Another favourite chapter for me was the one on witness, not usually included in a list of spiritual gifts though Jesus said it was the main purpose for which the Holy Spirit was given. Staton reminds us that evangelism is not a sales pitch or ‘working product placement into a genuine friendship.’ It is a life lived in honesty and transparency before others. The challenge is not to “get the gospel in” to our conversations but to speak openly about how the gospel is shaping us. This is shifting the challenge to where it should be. Yes, let’s be bolder and unapologetic about sharing what and who is most important to us but as the loving overflow of a life lived honestly before God and others, not as an evangelistic strategy.
Suffering and Love
Perhaps the most moving chapter comes as Staton writes from a hospital room, receiving chemotherapy for cancer. His reflections on redemptive suffering are not theory therefore but a very present lived reality. He writes of a Spirit who is not only present in victory but who is with us in the valleys. Possibly we experience him most deeply and fully there.
The final chapters circle back to the way of love. For Staton, love is not just the context in which the Spirit’s gifts are exercised but part of the miracle itself. Love is the Spirit’s greatest work, as he forms in us the ability to love others and stick with others, to stay rooted, learning to love well in the earthy reality of community.
For all my minor reservations about structure, I am grateful for the theological depth Staton lays down and the pastoral wisdom he shares. The Familiar Stranger is a book that refuses to reduce the Spirit to a theological concept or devotional cliché. He invites us to risk an authentic, lived friendship with the Spirit who is the very presence of Jesus himself with us. I invite you to read it and live it.
Taster Quotes
The tabernacle and temple represent an era of presence without intimacy—good, but incomplete.
When the leader’s ego is driving the pursuit of supernatural ministry, it distorts the Spirit’s power from a creative force producing freedom to a controlling force producing captivity.
I think Nicodemus, like many of us, wanted all his questions answered apart from the vulnerability of experience. If we want to know this King and live in his Kingdom, it can’t happen from a safe distance. It can’t happen by spectating. And it can’t happen without risk and surrender.

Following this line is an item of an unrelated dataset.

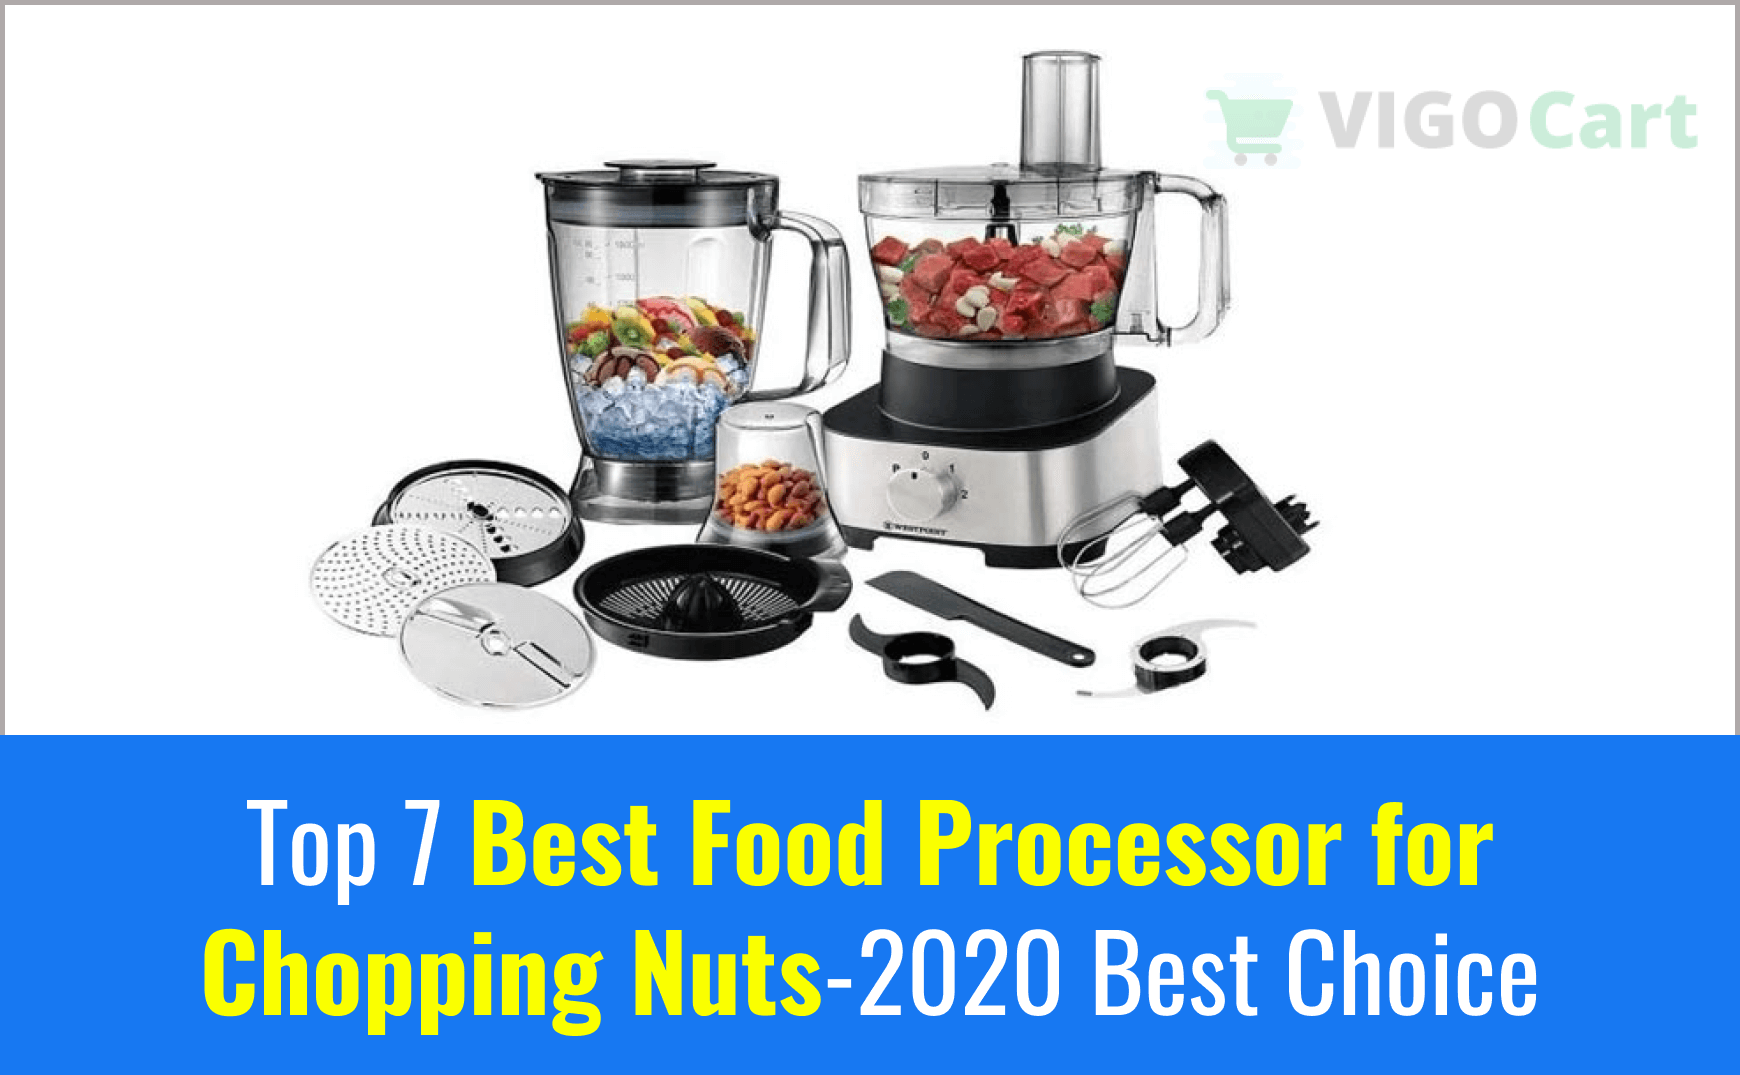 Top 7 Best Food Processor for Chopping Nuts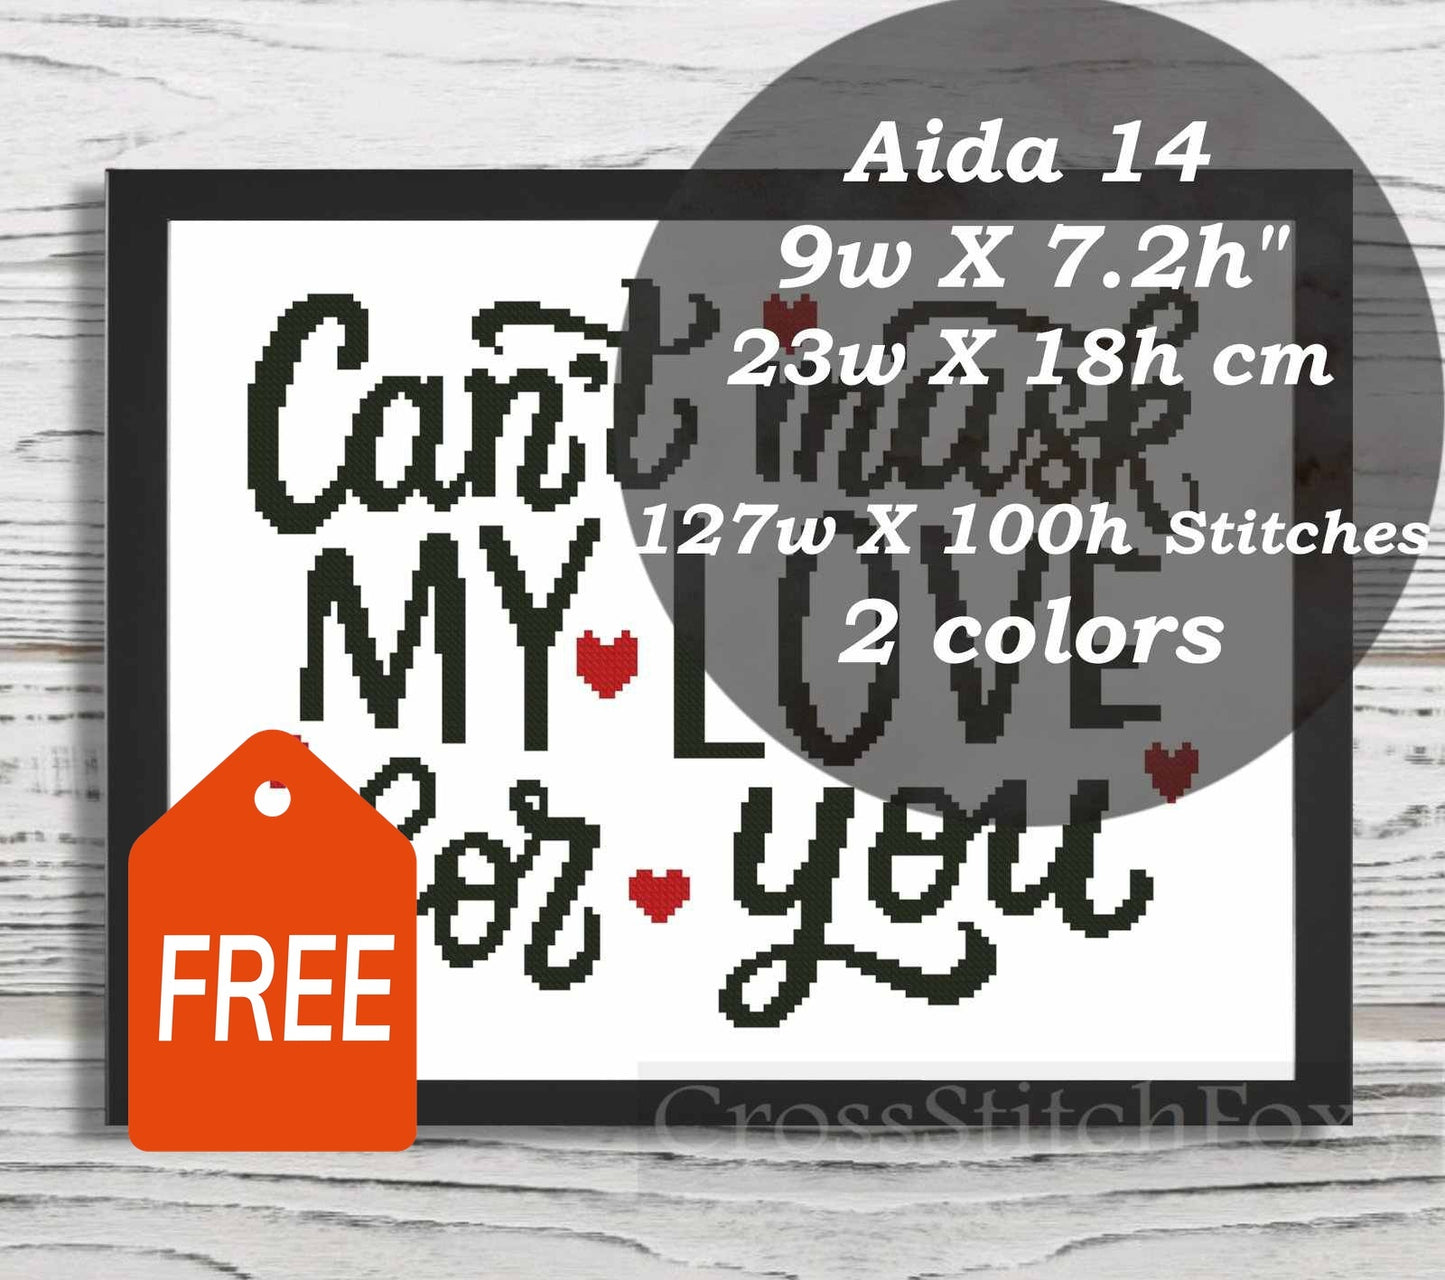 Can't Mask My Love For You cross stitch pattern FREE

We tend to miss God in our midst, not because he’s too extraordinary but because he’s too ordinary. We tend to look for God in the wind, earthquake, and fire rather than the whisper.
That is what learning the Shepherd’s voice is like—by risk and obedience. There is no formula for this, only familiarity. We learn God’s voice by risk, so we must be willing to get it wrong if we’re ever going to get it right.
No one likes to be “evangelized to,” whether it’s about a timeshare in Tahiti, an essential oils pyramid scheme, or Jesus of Nazareth.
Speaking love isn’t about finding the city’s most crowded street corner with a bullhorn, and it’s not about turning your every conversation into a trap where you’re luring someone into the topic of the soul’s eternal destiny. Speaking love is just about completely honest living. It’s being your whole self equally in the disparate environments of your life—joys, struggles, practices, failures, and the sure place you rest your hope.
And the greatest miracle of all just might be living in a community of love over the long haul.